In this thesis, we outline a theoretical context detection framework that is based on a novel set of values. These values are called privacy, unfamiliarity and proximity, each describing a different aspect of the current context. Privacy tracks the privacy of the current context, while unfamiliarity tracks how many unfamiliar people are around. Finally, proximity estimates the distance between the device and the user. These values are calculated using a method we devise that better adapts to different contexts. We provide an Android implementation of the framework, including an API that allows other developers to contribute modules to the system. These modules can provide additional input data for PUPy, or build functionality that uses the calculated values.
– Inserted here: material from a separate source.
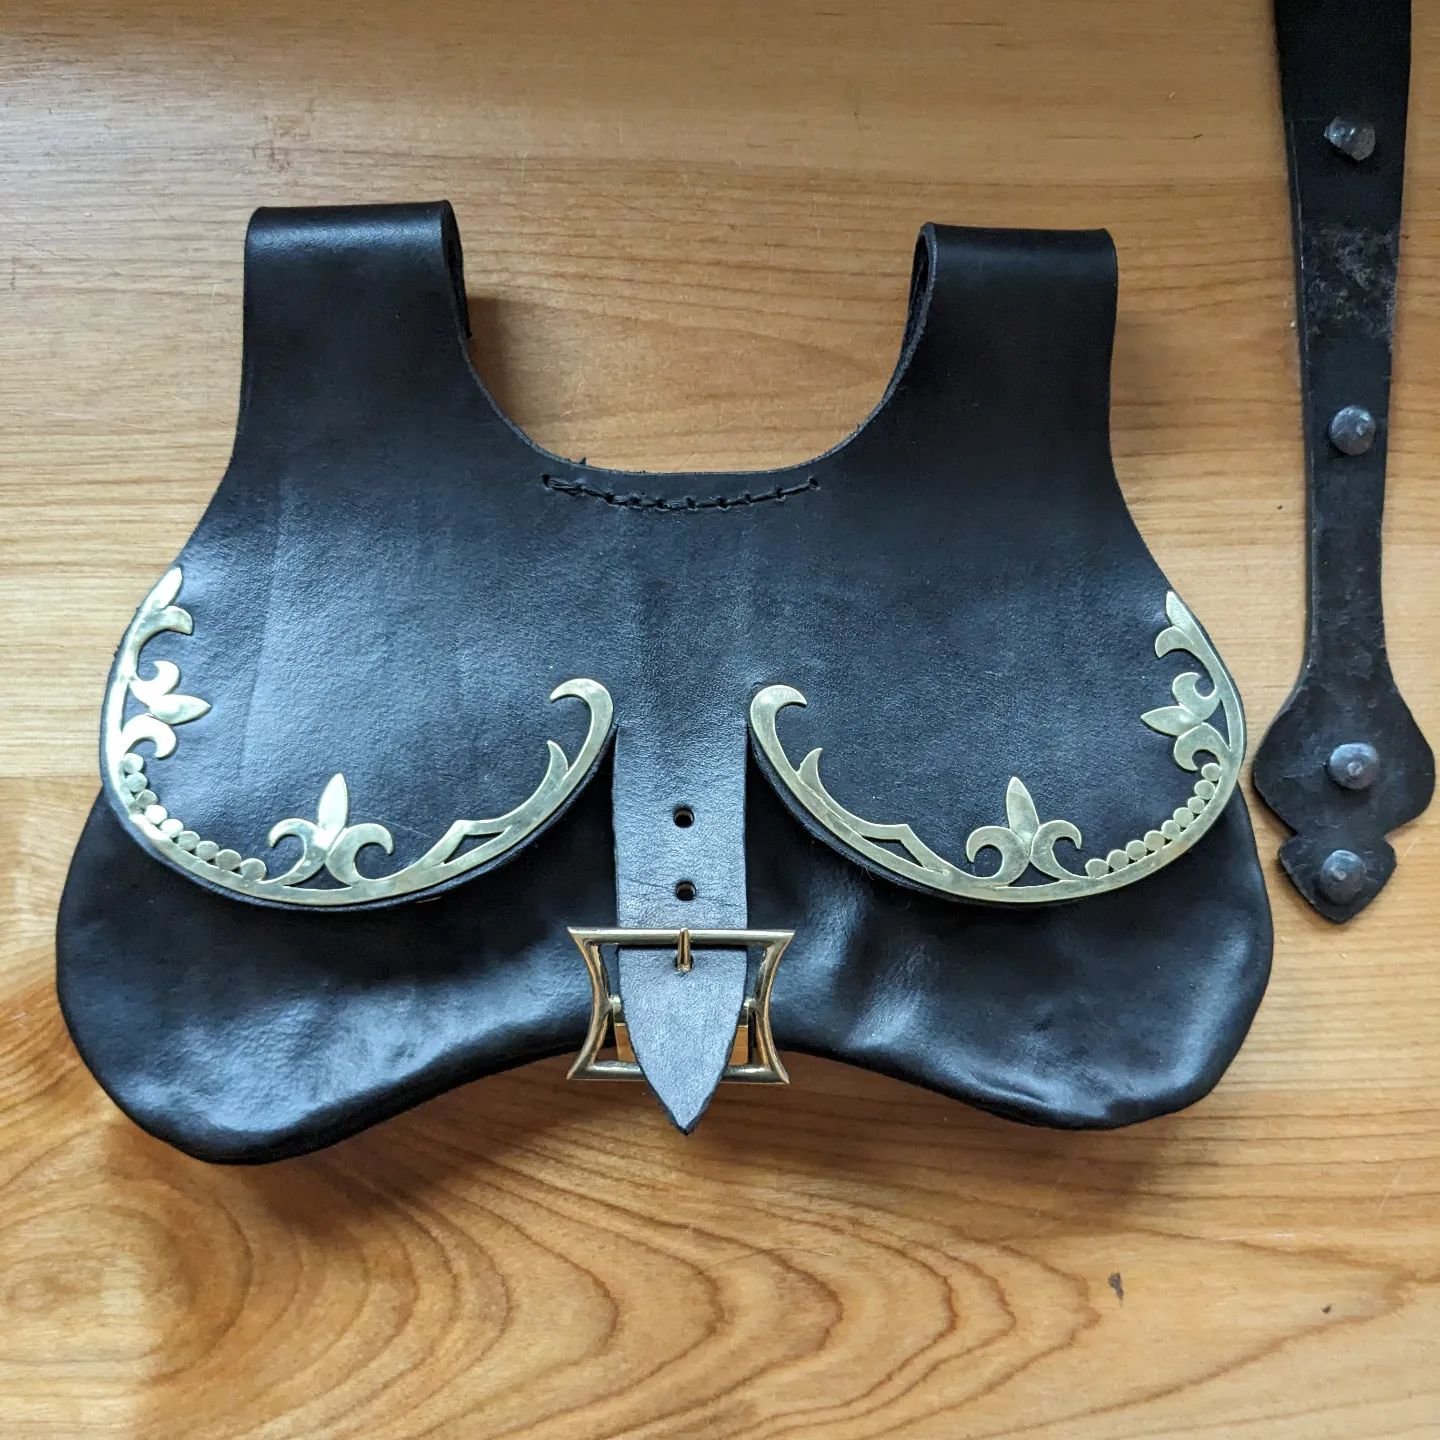 I had a crazy day finishing this fifteenth century reproduction pouch but I'm over the moon about how it turned out. Took about 12 hrs. #historicalreproduction #fifteenthcentury #reenacting #beltpouch #reproduction #leatherwork #maker

Finally, we evaluate the theoretical framework, using two datasets — Cambridge/Haggle and the MDC dataset. We conduct visual and statistical analysis of how the system functions using data from the datasets. Through this analysis, we find that PUPy compares favourably to existing works, permitting a 77.2% reduction in the number of explicit authentications.
To join this master’s thesis presentation on BigBlueButton, please go to https://bbb.crysp.org/b/mat-mmh-9jk.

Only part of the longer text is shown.